William P. Youngworth III; oil on canvas; detail of much larger painting; 2010;
by Charles Sabba in the private collection of Oliver Samuel Hendry.

   What about the Bulger connection? Everyone is focused on Whitey Bulger as if he was the only Irish underworld boss in Massachusetts. Why isn't Joe Murray's connection to all this discussed more? He allegedly told an FBI agent that he could get his hands on some stolen artworks.

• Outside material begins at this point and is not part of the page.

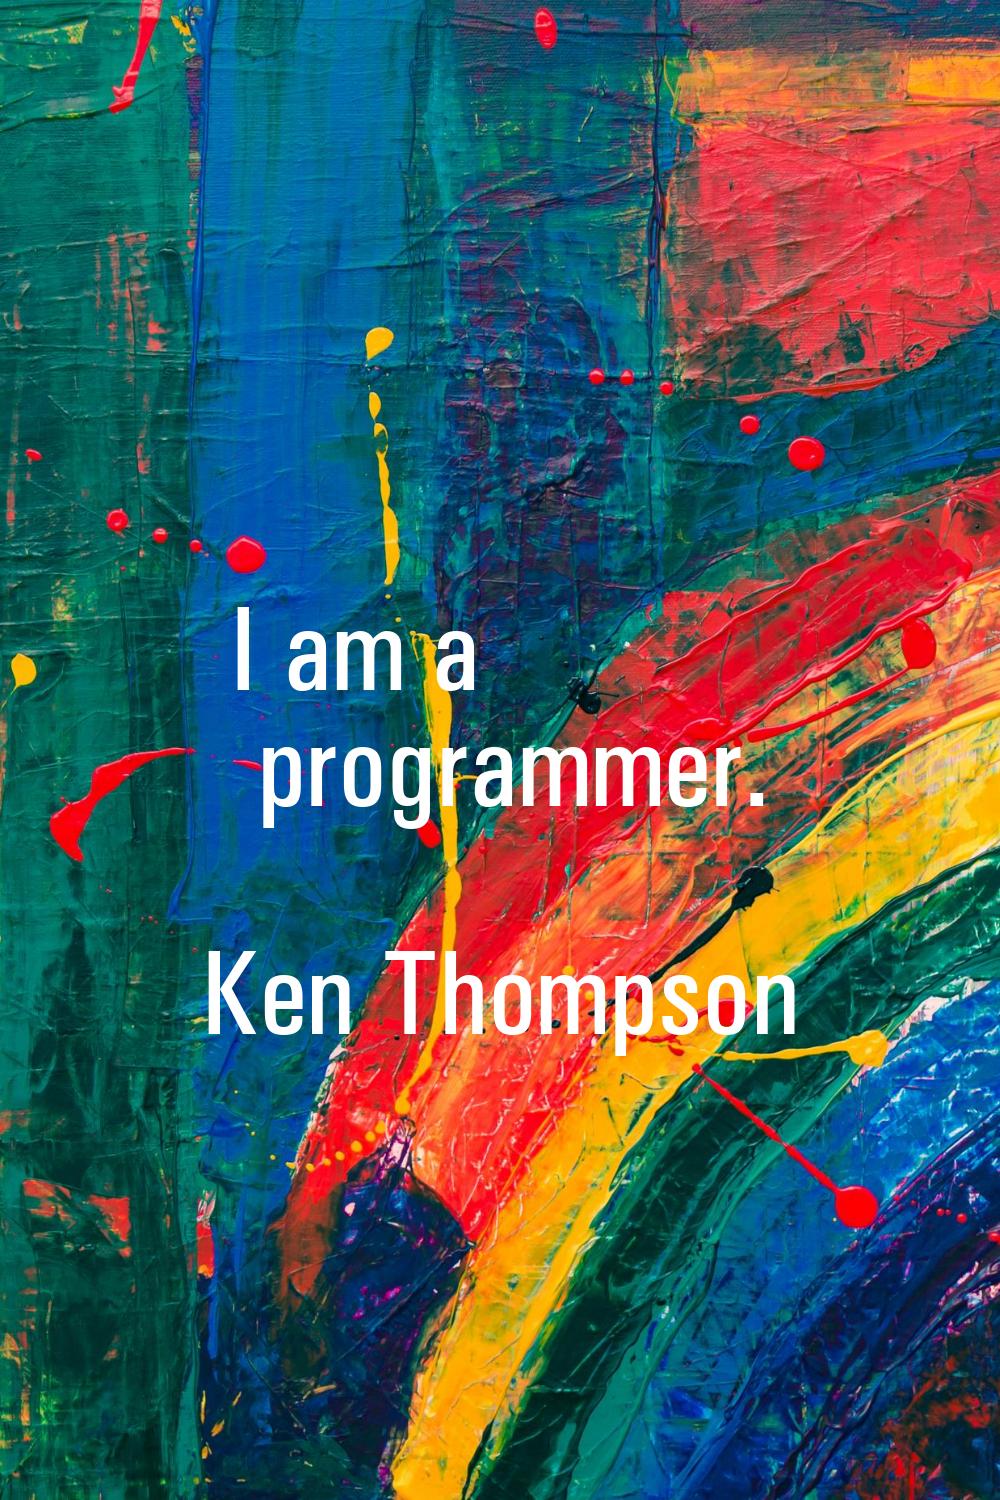 I am a programmer.

WY: " If it were not for his brother's position (then president of the Massachusetts Senate ) Whitey would have been found in a shallow grave. His life was dependent on this issue alone. In contrast, Joe Murray could make one phone call to Ireland and someone would show up the next day and shoot you in the back of the head. Whitey knew this and remained quite paranoid. He isolated himself for a decade before the end came. Before his being an informant for the F.B.I. became publicly known, we had already realized it, after Joe McDonald got picked off in Grand Central Station coming back to meet him (Joe Mac was an Irish hitman who was wanted by the Feds; Joe Mac called Bulger and told him that he was on a train to Boston and Bulger dropped a dime to the dirty FBI agent named Connolly. Joe Mac was grabbed off the train on September 15, 1982). Joe Murray stood out as much as one's grandfather would. That is how he remained a successful fugitive for as long as he did. With the small exception being one's granddad usually doesn't have two silenced Mac 10's in his carry-all bag. "

Now for the $500 million dollar question: If someone wanted to recover the Gardner loot, what does he have to do?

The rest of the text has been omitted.